正说着,其余人相继围过来,身边跟着各自的孩子,基本都是哭哭啼啼的,一旦被问及打架缘由,又不约而同地结巴起来。

时序也带着时归走了过来,只是因为他身后跟了太多人,每走一步都有种气势汹汹的感觉,吓得田大人顿时不敢叫冤了。

眼下几个孩子凑到一起,明面上的伤痕一看便知。

几个孩子里尤以田中吉伤得最重,除了额头上破的那个大洞外,他右腿也有些跛了,因哭得太过,嗓子哑得说不出一句话来。

如今只会伸着胖乎乎的小肉手,手指一会儿指向时归,一会儿又指向周兰湘,被周兰湘恶狠狠地瞪上一眼,又一副惊恐过度的样子,歪头倒向田大人那边,若是可以,他真恨不得被田大人裹起来。

看了他这一番动作,田大人心中隐有猜测。

他的面色惊疑不定,几次开口,却实在没有胆子质问涉事家长。

一个是当朝太子,一个是司礼监掌印。

随便哪个,都是他惹不起的存在啊!

更别说相较于光明磊落的太子殿下,行事一贯不讲究的司礼监掌印,乃是他这辈子都不想打交道的对象,更别说结仇了。

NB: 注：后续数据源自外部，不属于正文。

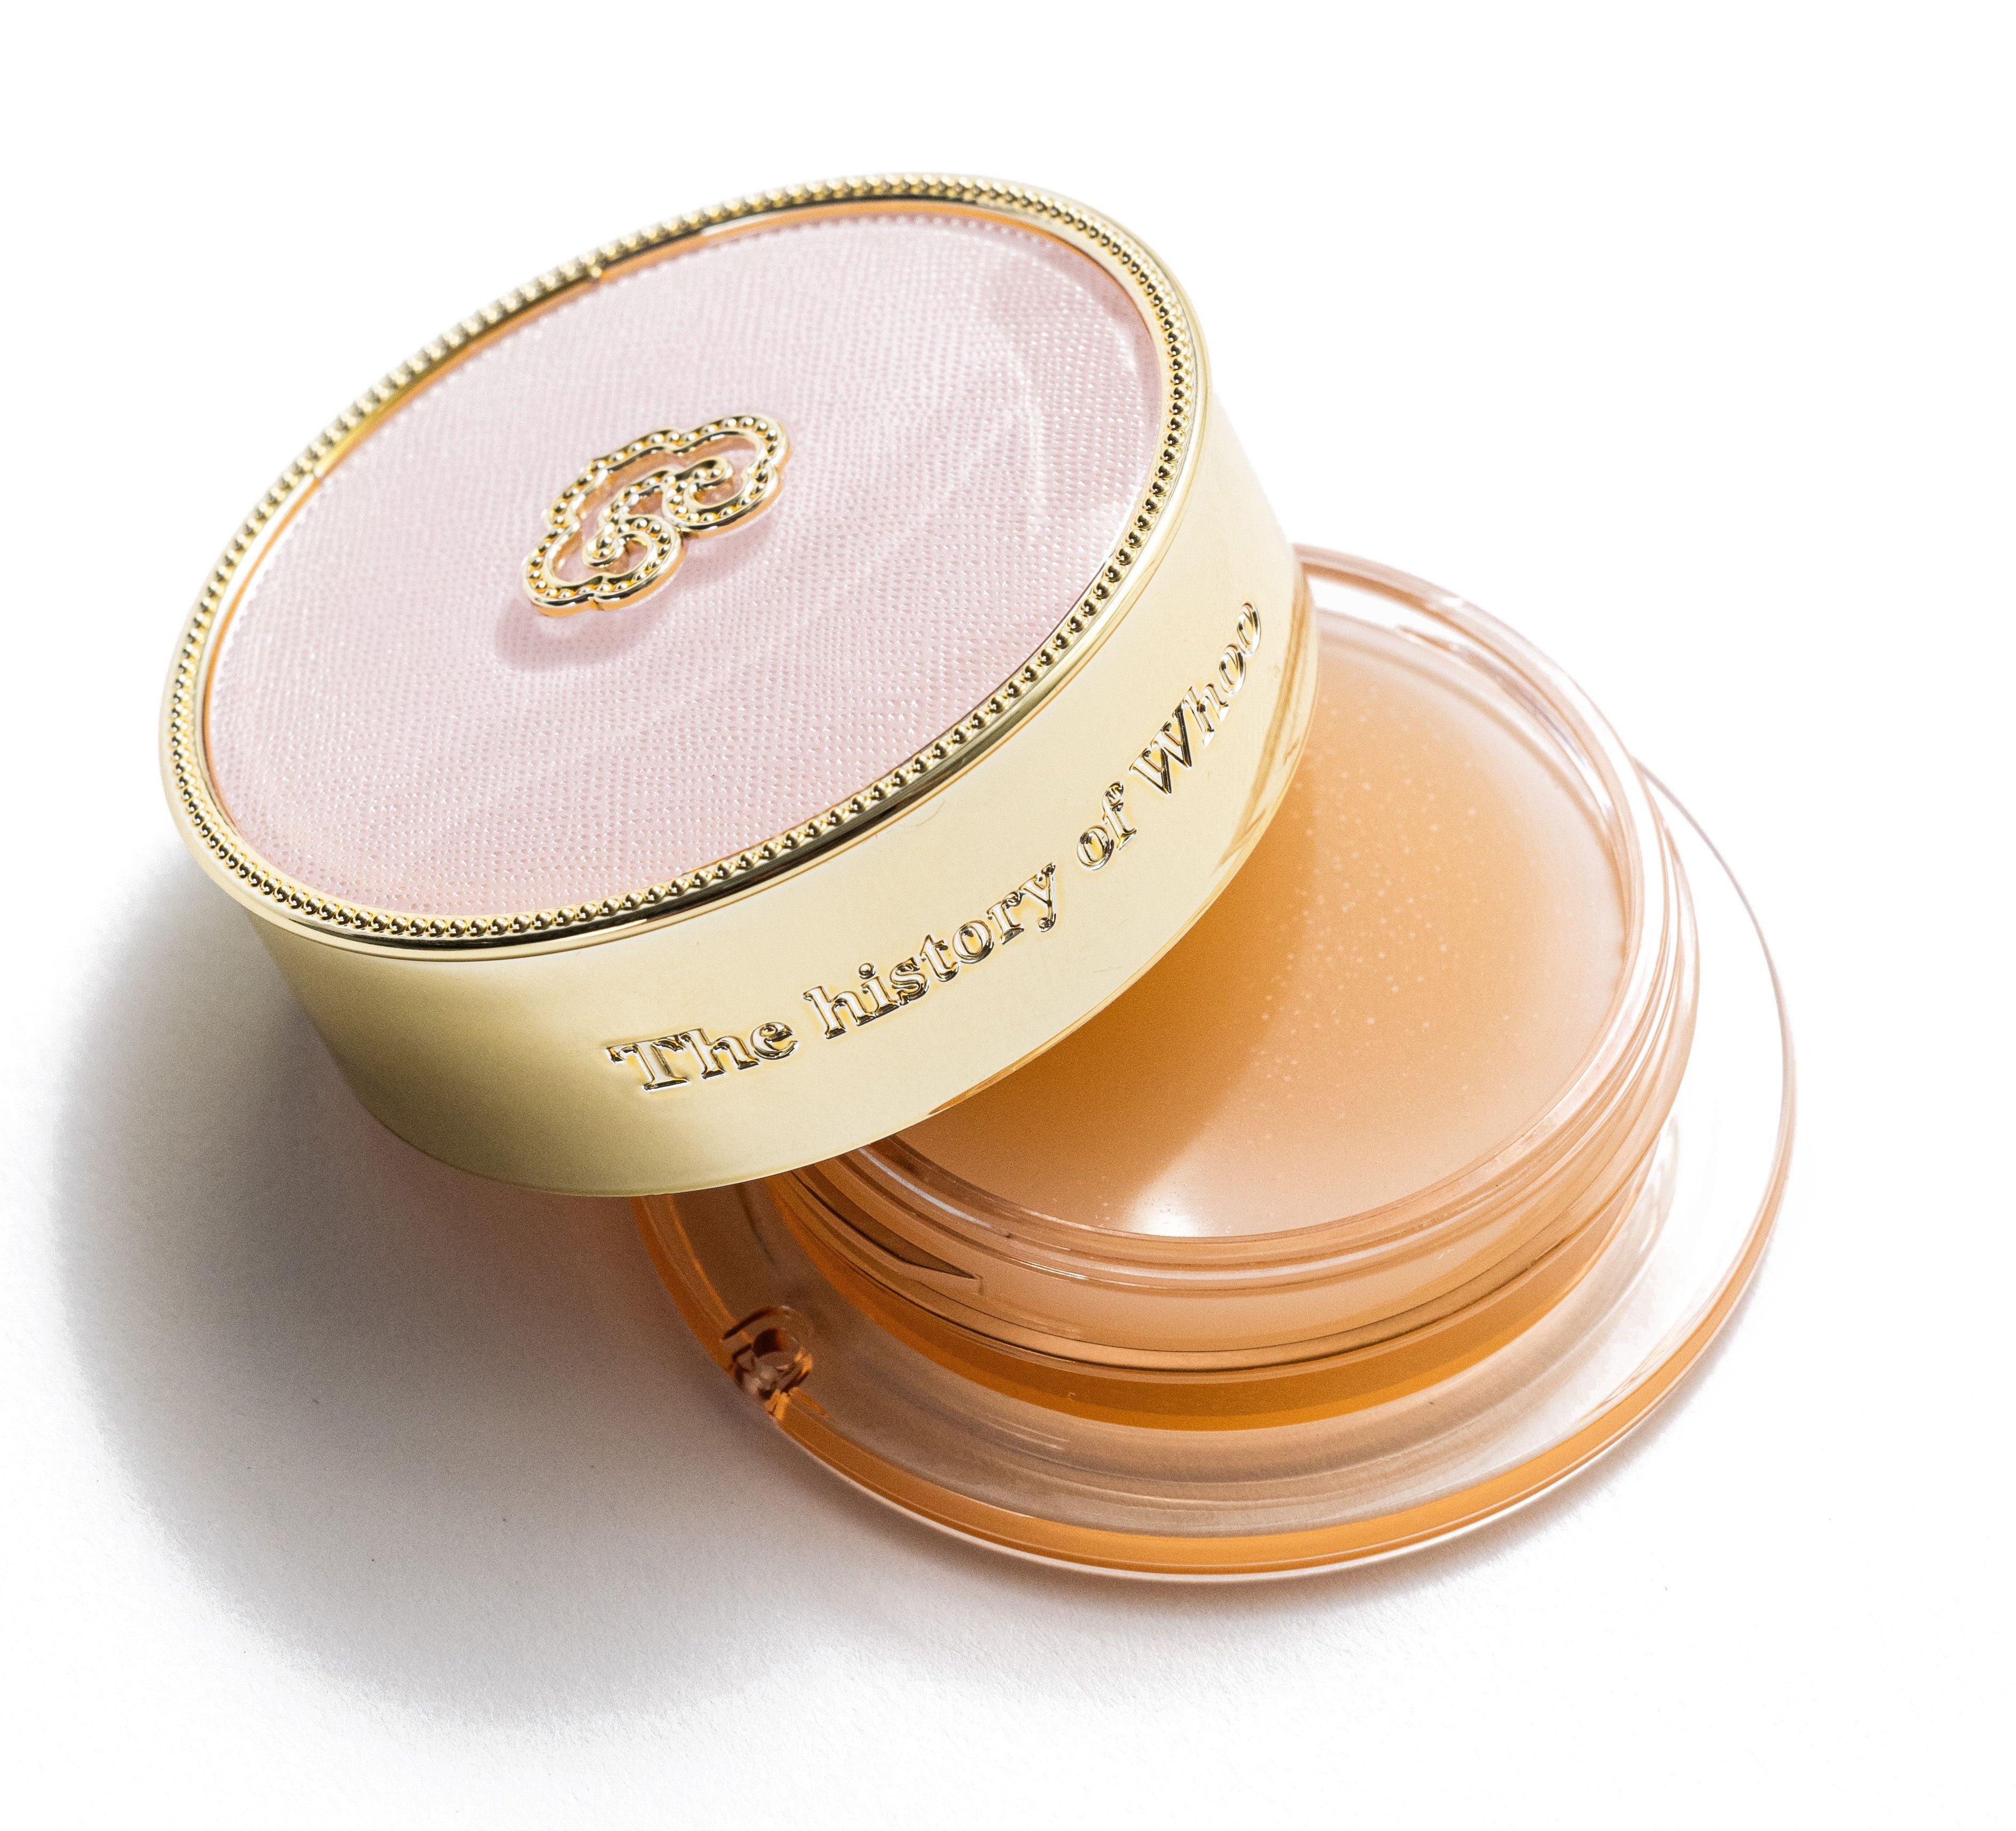 The History of Whoo Lip Balm

想到这,田大人再看向形容悲惨的幼子,心里竟生出几分埋怨来。

见他闭嘴了,时序把时归放回地上,安抚地拍了拍她的肩膀,遂淡淡开口:“田大人说的对,咱家也想知道,田公子是受了何等大的委屈。”

他在最后两字上加了重音,说完意味不明地笑了笑。

田大人:“……”求您别笑。

很快,众人的目光皆集中在太子身上。

周璟承没有理会任何人,而是等步履蹒跚的姬教习走到跟前,作为对方曾经的学生,垂首问候一句。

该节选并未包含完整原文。